Foreclosure Attorney Utah

Real estate lawyers in Utah are no strangers to complex and sometimes messy title transfers and urban Salt Lake City sees more involvement in real estate law than the rest of the state combined. The recent Flower Patch controversy is a prime example. Located at 500 S. State Street in Salt Lake City, the parcel adjacent to the Grand America Hotel has been in a legal real estate battle for years. The property owners fought the original declaration that listed the area as blighted and dilapidated, which could have resulted in forceable sale. However, in an effort to spruce up the area, Sinclair Oil constructed the Grand America Hotel, much to the dismay of Flower Patch owner Mac Livingston who could only watched while the large hotel was built next to his property.

Lawyers For Foreclosures

Salt Lake City real estate attorneys have been engaged in the struggle over this acreage since 1995, representing both Livingston and interested buyer Grand America Hotels & Resort. An original price for the blighted property of $266,000 apparently made way for the “fairer” proposal offered this week, but Livingston has been absorbed in a real estate legal struggle for some time, fighting off the Salt Lake City Council and acquiring the land through eminent domain after the area was condemned.

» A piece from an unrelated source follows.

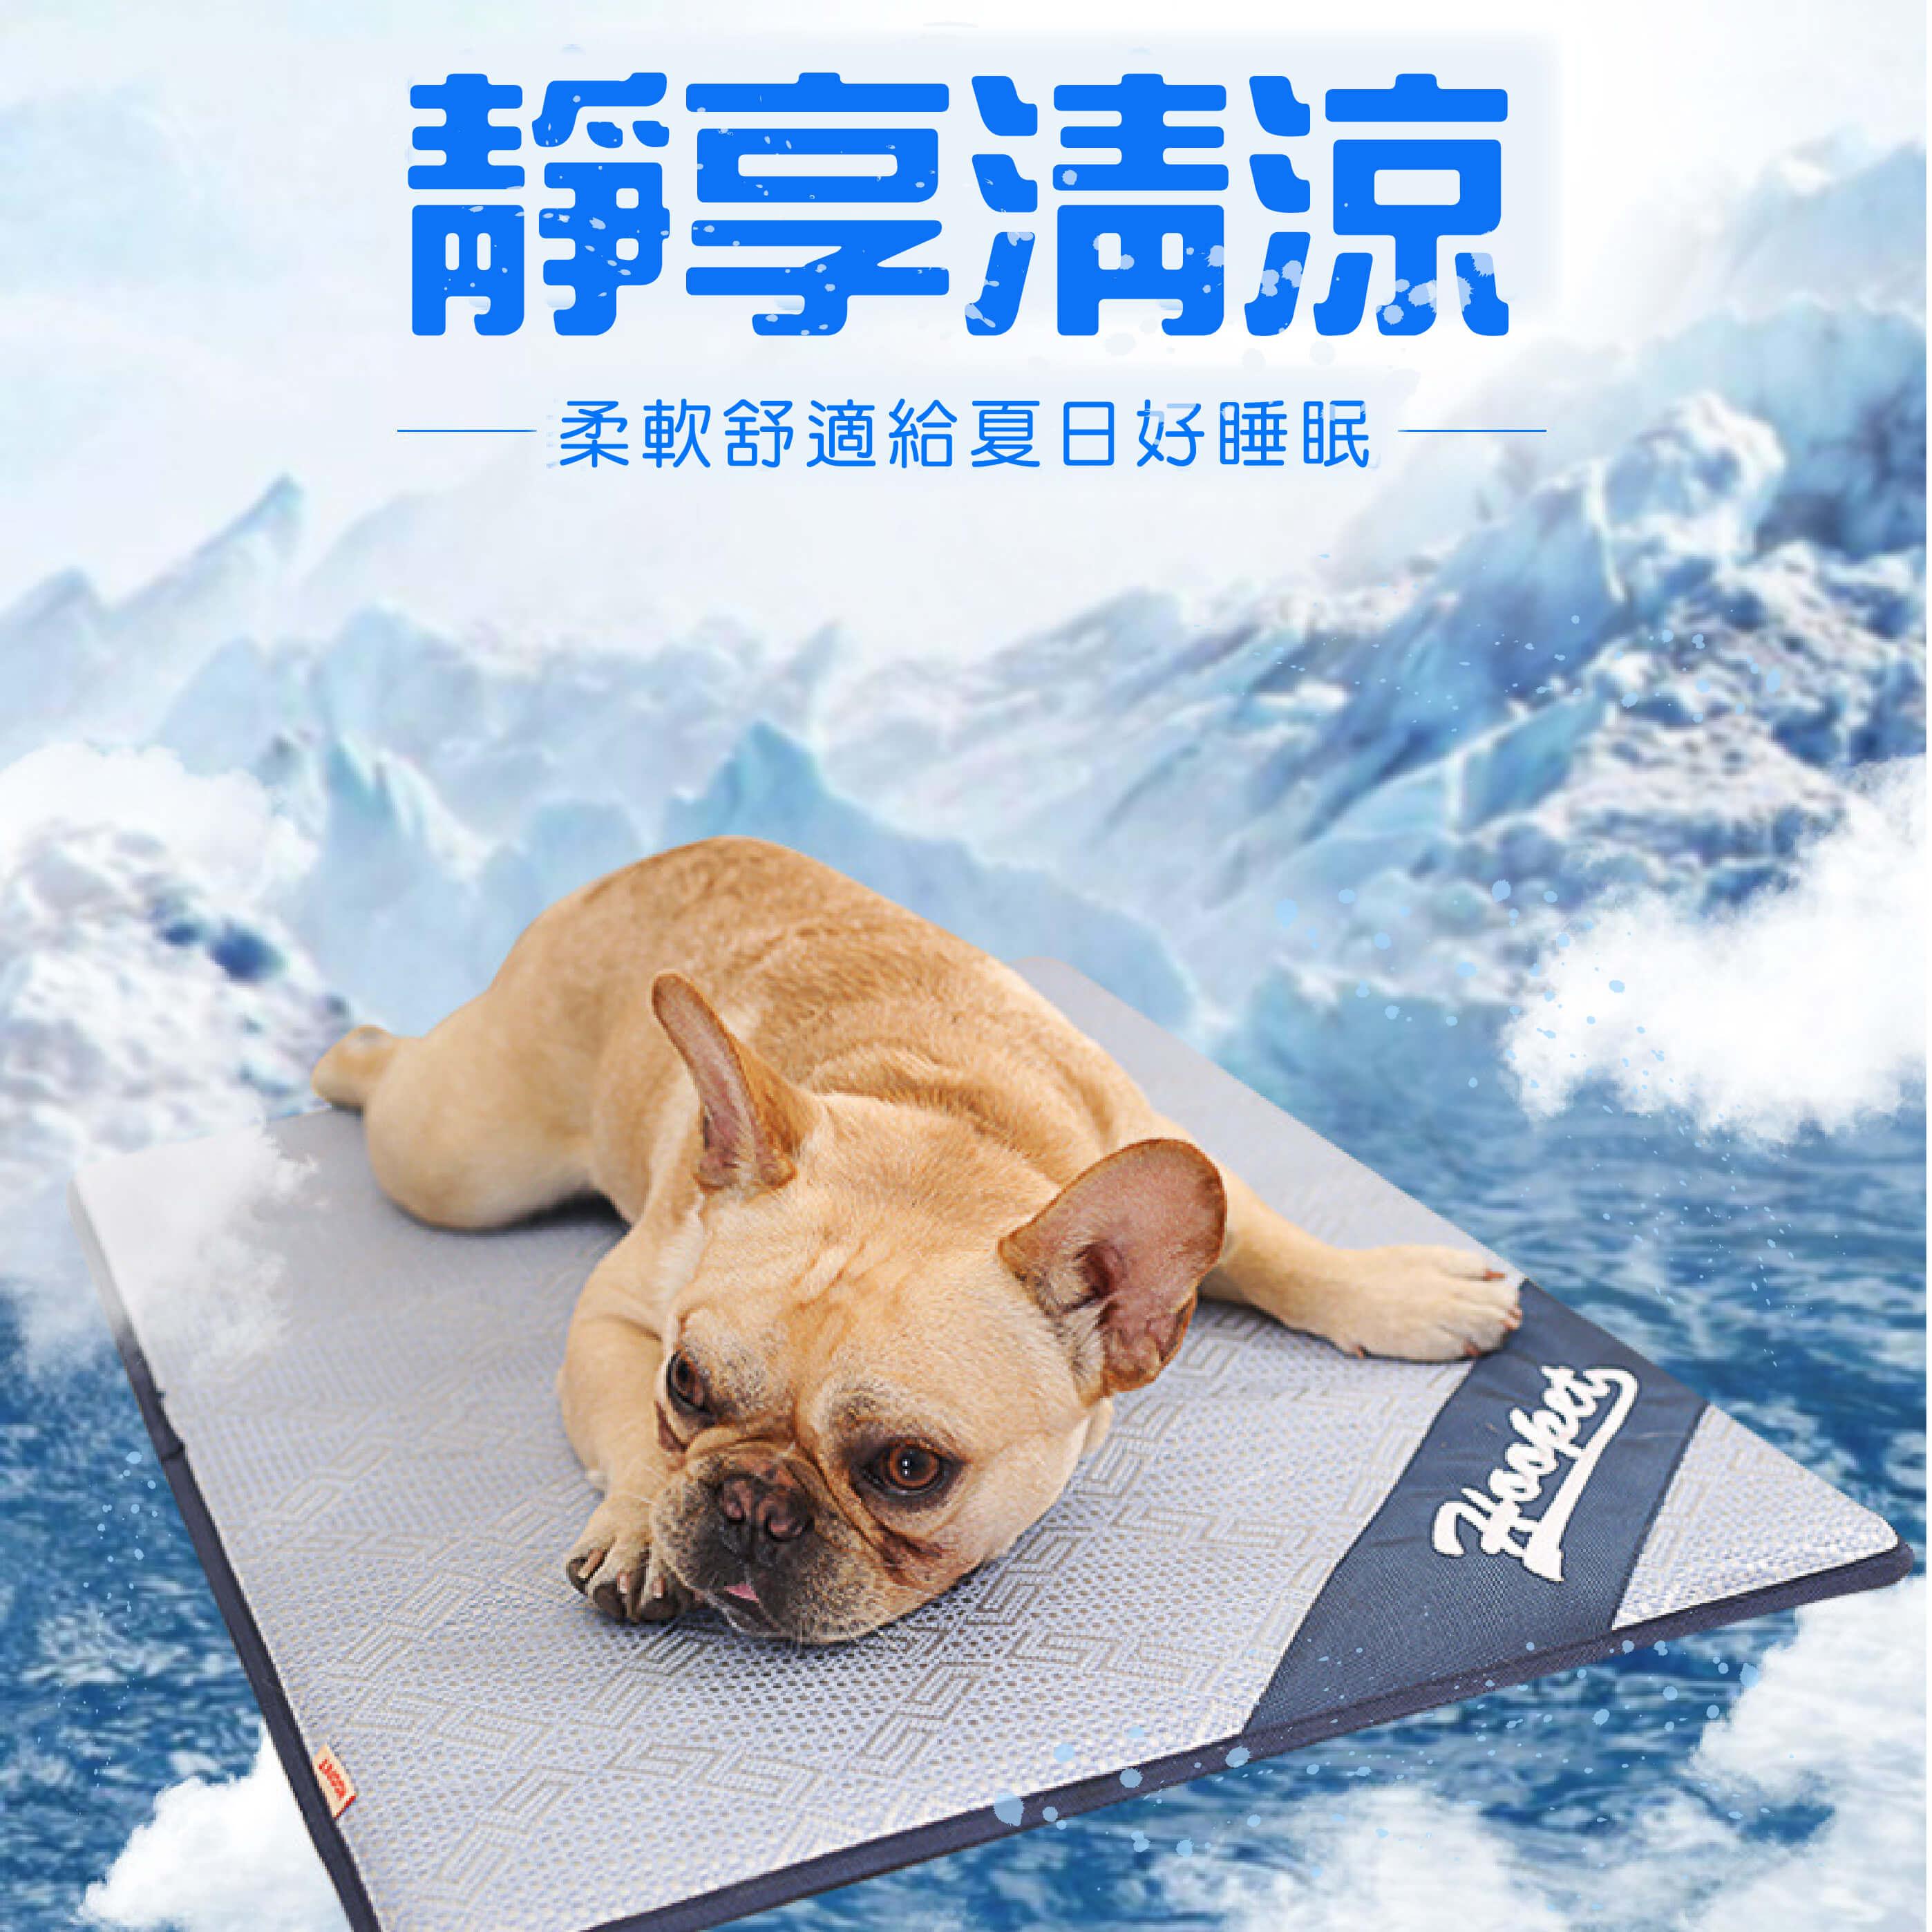 寵物涼墊 寵物墊 冰墊 降溫 狗窩 貓窩 可水洗
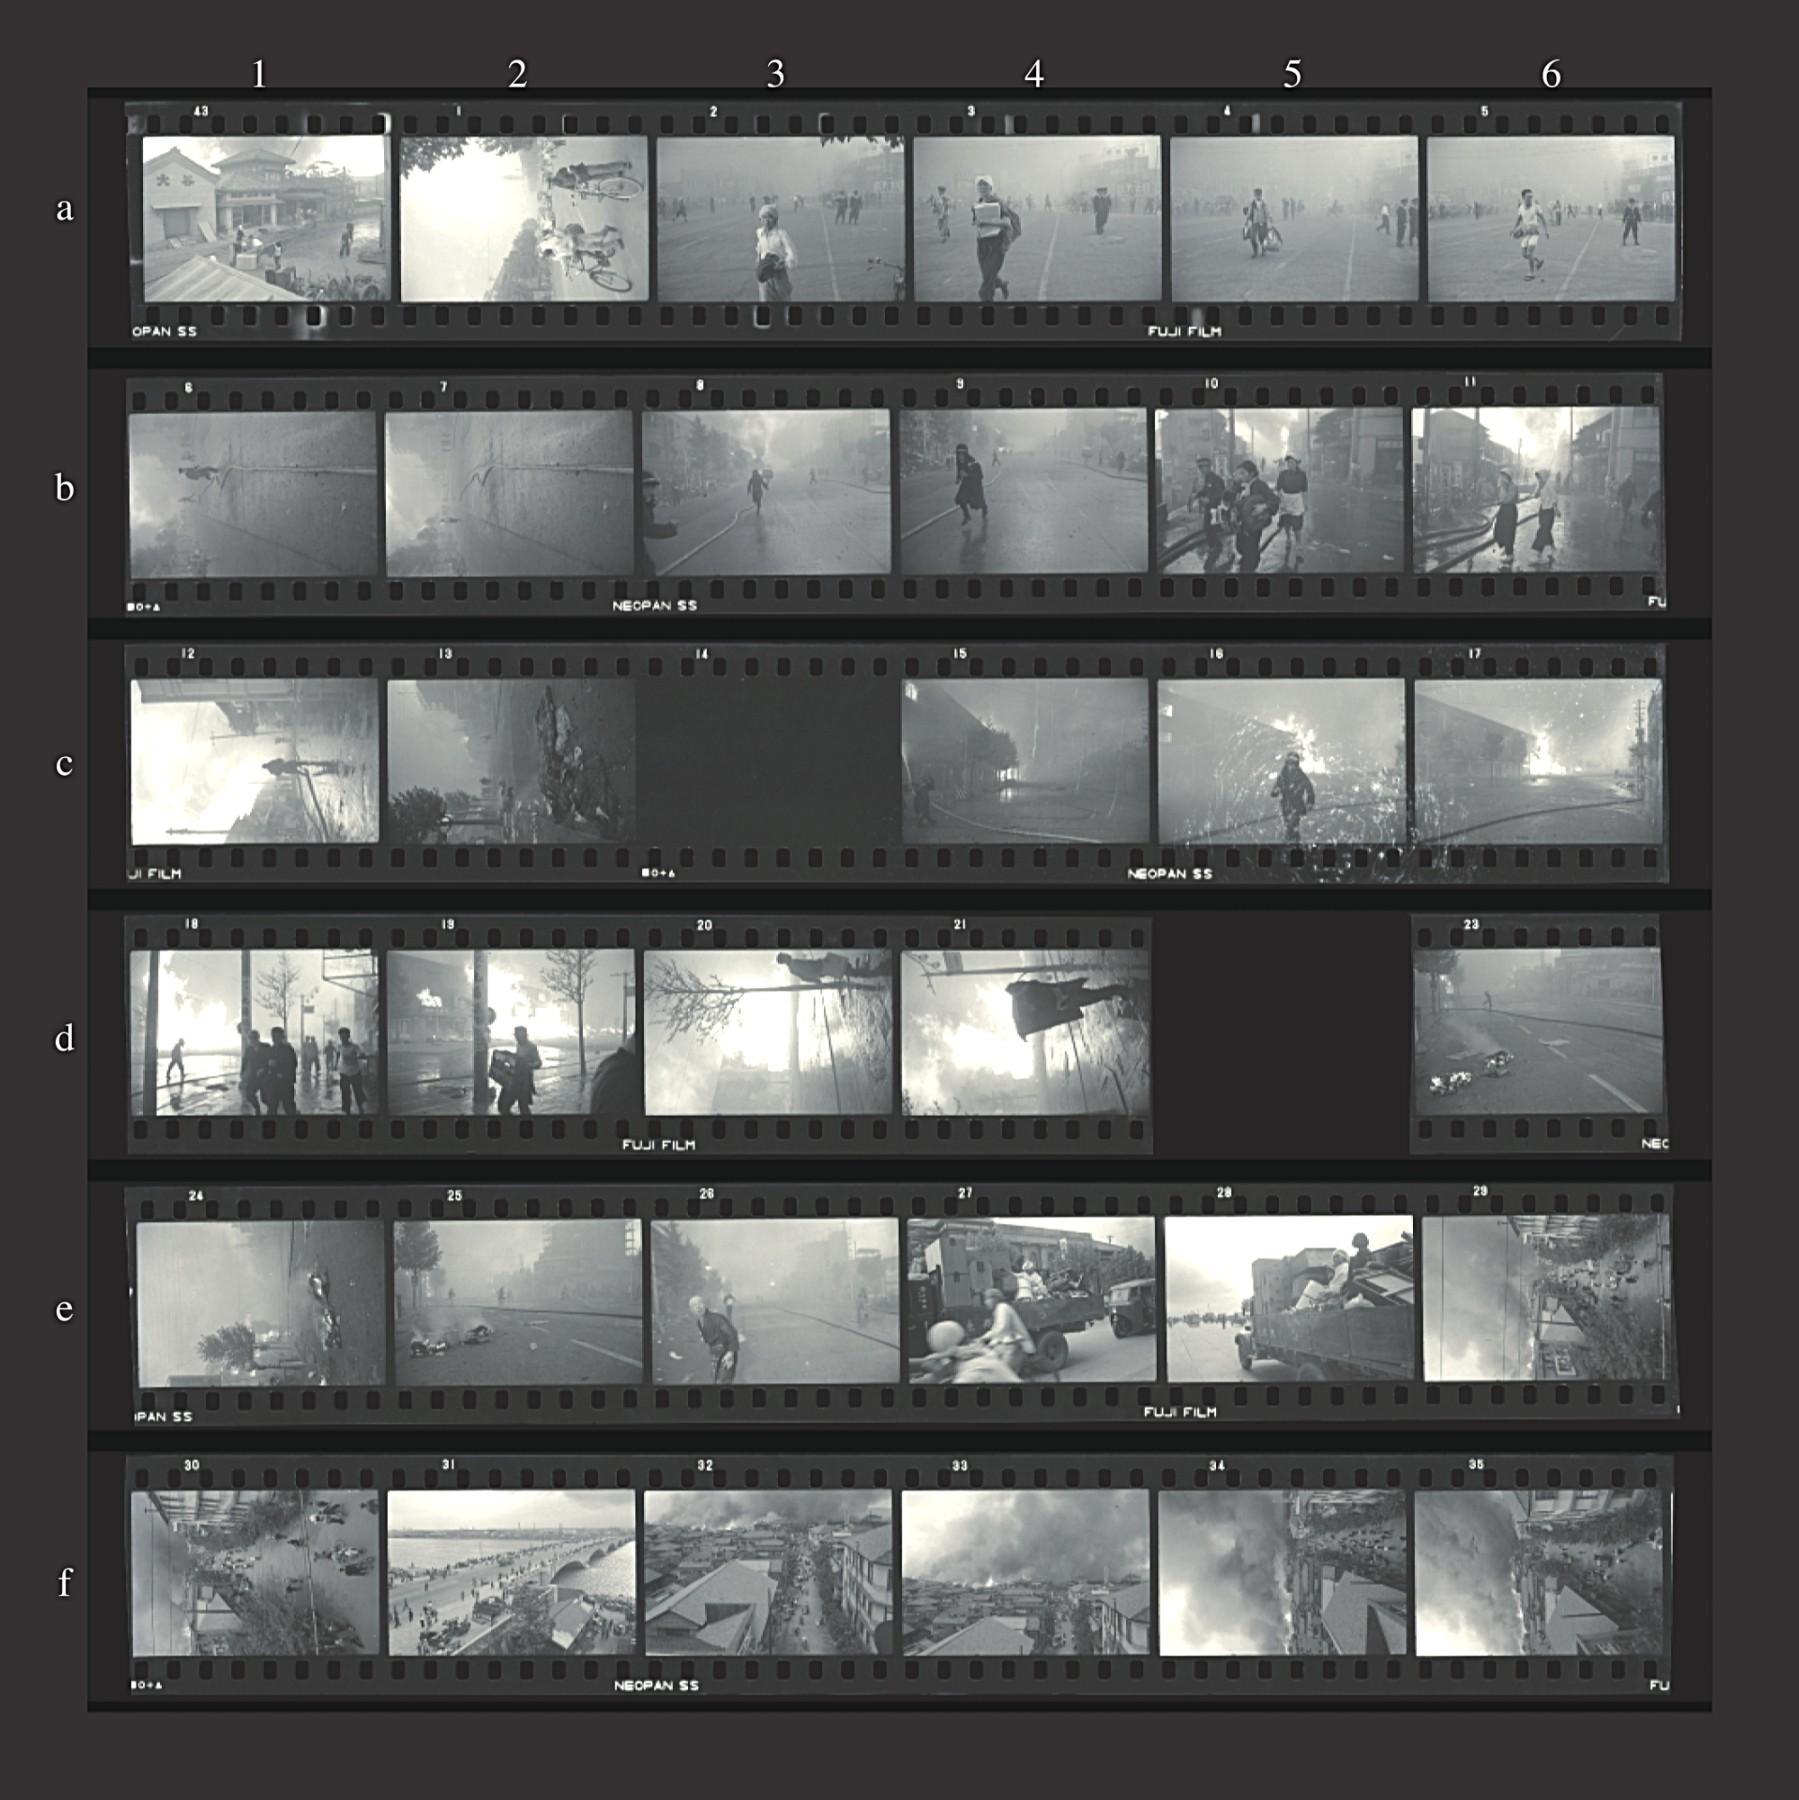 「小林新一展」より、1955年の新潟大火を取材した時のフィルムロール。発表用にプリントされたのは1カットだけだが、コマの行間にさまざまな情報が読み取れる。

REAL ESTATE LAWYERS IN UTAH GEAR UP FOR REAL ESTATE GROWTH

A real estate lawyers in Utah are familiar with property battles. The state has a high percentage of resort, timeshare and fractional ownership properties, as well as second homes, hunting land, and other unique legal real estate situations. As a result, the realtor industry is growing. Utah has over ten real estate schools, with live and online course offerings. Professional specialties in Utah real estate include law, appraisal, brokering, financing and development of rural land, retail, industrial, leisure/recreation, and others across the state. In 2011, there were more than 13,000 licensed realtors in the state and that count is consistently growing.

The housing market in Salt Lake City has fluctuated in the years since the Great Recession, but has grown healthier and steadily improved, with foreclosure rates falling in 2013. The winter tourist industry in the Wasatch Mountains brings skiers looking for vacation or second home ownership each year too, and development in rural areas of the state is growing as well.

A burgeoning employment rate means a boost in Utah real estate. Analysts anticipate an increase in jobs and decrease in unemployment for 2014, mostly in the private sector economy – technology and information, leisure and hospitality and the financial services industries. While some challenges (Kennecott Utah Copper’s Bingham Canyon Mine and its lost production) remain, redevelopment efforts in the Salt Lake Airport and additions at Hill Air Force Base promise notable projects in the upcoming months. However, The SLC metropolitan area continues to grow, and while real estate agents may outnumber Salt Lake City real estate lawyers, one thing is for sure: the property ownership market in Utah is a feisty one, full of opportunity.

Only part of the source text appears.